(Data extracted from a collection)
<<<<

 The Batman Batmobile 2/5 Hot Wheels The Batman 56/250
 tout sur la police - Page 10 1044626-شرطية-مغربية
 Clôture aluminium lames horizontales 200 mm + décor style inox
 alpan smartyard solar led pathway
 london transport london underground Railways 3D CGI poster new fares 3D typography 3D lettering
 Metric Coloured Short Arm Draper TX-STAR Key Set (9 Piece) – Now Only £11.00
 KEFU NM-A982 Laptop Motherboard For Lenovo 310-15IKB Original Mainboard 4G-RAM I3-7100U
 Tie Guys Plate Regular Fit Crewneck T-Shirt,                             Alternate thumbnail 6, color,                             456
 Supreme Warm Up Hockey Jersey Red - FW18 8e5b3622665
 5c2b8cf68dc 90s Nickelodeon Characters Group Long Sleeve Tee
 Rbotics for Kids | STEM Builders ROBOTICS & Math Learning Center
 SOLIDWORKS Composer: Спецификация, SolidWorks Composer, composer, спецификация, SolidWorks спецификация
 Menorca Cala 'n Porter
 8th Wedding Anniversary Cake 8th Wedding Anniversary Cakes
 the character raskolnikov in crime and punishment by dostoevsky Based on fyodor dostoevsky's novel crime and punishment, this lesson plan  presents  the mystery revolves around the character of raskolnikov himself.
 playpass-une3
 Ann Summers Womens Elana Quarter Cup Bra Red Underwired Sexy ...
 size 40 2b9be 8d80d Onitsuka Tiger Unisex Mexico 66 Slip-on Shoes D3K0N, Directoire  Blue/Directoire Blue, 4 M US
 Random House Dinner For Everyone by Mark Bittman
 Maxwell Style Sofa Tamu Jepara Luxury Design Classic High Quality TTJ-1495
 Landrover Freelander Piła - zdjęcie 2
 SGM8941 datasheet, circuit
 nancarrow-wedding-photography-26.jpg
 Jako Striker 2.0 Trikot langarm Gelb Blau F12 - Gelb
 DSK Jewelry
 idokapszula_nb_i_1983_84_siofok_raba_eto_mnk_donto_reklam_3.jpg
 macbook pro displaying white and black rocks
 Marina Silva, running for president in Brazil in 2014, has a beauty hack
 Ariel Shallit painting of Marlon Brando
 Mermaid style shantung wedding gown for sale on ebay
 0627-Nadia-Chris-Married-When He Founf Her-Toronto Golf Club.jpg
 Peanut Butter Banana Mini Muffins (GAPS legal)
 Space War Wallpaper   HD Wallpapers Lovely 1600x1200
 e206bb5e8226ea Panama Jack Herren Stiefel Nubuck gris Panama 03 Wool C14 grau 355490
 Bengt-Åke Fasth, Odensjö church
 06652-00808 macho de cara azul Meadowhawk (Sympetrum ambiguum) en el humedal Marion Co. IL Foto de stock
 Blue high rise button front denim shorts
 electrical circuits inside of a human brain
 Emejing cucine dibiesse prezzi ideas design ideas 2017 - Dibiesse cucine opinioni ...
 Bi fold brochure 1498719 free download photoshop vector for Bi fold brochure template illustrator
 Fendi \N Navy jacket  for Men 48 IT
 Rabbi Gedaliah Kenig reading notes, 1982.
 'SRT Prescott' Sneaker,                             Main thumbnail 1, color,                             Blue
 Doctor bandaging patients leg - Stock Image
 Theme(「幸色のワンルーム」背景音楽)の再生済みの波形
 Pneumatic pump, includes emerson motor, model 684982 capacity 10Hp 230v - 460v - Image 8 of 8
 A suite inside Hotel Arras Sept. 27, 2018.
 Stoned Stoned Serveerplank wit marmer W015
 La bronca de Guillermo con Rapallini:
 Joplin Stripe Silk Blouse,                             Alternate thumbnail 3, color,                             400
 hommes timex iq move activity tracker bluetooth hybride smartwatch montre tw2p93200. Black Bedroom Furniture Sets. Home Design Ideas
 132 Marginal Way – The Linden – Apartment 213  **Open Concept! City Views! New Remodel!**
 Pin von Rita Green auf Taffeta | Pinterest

>>>>

→ ACTIVITY:
Precisely reproduce the lines of the entries, beginning at the first and ending at the one containing "Space War Wallpaper". Add nothing.

→ RESPONSE:
 The Batman Batmobile 2/5 Hot Wheels The Batman 56/250
 tout sur la police - Page 10 1044626-شرطية-مغربية
 Clôture aluminium lames horizontales 200 mm + décor style inox
 alpan smartyard solar led pathway
 london transport london underground Railways 3D CGI poster new fares 3D typography 3D lettering
 Metric Coloured Short Arm Draper TX-STAR Key Set (9 Piece) – Now Only £11.00
 KEFU NM-A982 Laptop Motherboard For Lenovo 310-15IKB Original Mainboard 4G-RAM I3-7100U
 Tie Guys Plate Regular Fit Crewneck T-Shirt,                             Alternate thumbnail 6, color,                             456
 Supreme Warm Up Hockey Jersey Red - FW18 8e5b3622665
 5c2b8cf68dc 90s Nickelodeon Characters Group Long Sleeve Tee
 Rbotics for Kids | STEM Builders ROBOTICS & Math Learning Center
 SOLIDWORKS Composer: Спецификация, SolidWorks Composer, composer, спецификация, SolidWorks спецификация
 Menorca Cala 'n Porter
 8th Wedding Anniversary Cake 8th Wedding Anniversary Cakes
 the character raskolnikov in crime and punishment by dostoevsky Based on fyodor dostoevsky's novel crime and punishment, this lesson plan  presents  the mystery revolves around the character of raskolnikov himself.
 playpass-une3
 Ann Summers Womens Elana Quarter Cup Bra Red Underwired Sexy ...
 size 40 2b9be 8d80d Onitsuka Tiger Unisex Mexico 66 Slip-on Shoes D3K0N, Directoire  Blue/Directoire Blue, 4 M US
 Random House Dinner For Everyone by Mark Bittman
 Maxwell Style Sofa Tamu Jepara Luxury Design Classic High Quality TTJ-1495
 Landrover Freelander Piła - zdjęcie 2
 SGM8941 datasheet, circuit
 nancarrow-wedding-photography-26.jpg
 Jako Striker 2.0 Trikot langarm Gelb Blau F12 - Gelb
 DSK Jewelry
 idokapszula_nb_i_1983_84_siofok_raba_eto_mnk_donto_reklam_3.jpg
 macbook pro displaying white and black rocks
 Marina Silva, running for president in Brazil in 2014, has a beauty hack
 Ariel Shallit painting of Marlon Brando
 Mermaid style shantung wedding gown for sale on ebay
 0627-Nadia-Chris-Married-When He Founf Her-Toronto Golf Club.jpg
 Peanut Butter Banana Mini Muffins (GAPS legal)
 Space War Wallpaper   HD Wallpapers Lovely 1600x1200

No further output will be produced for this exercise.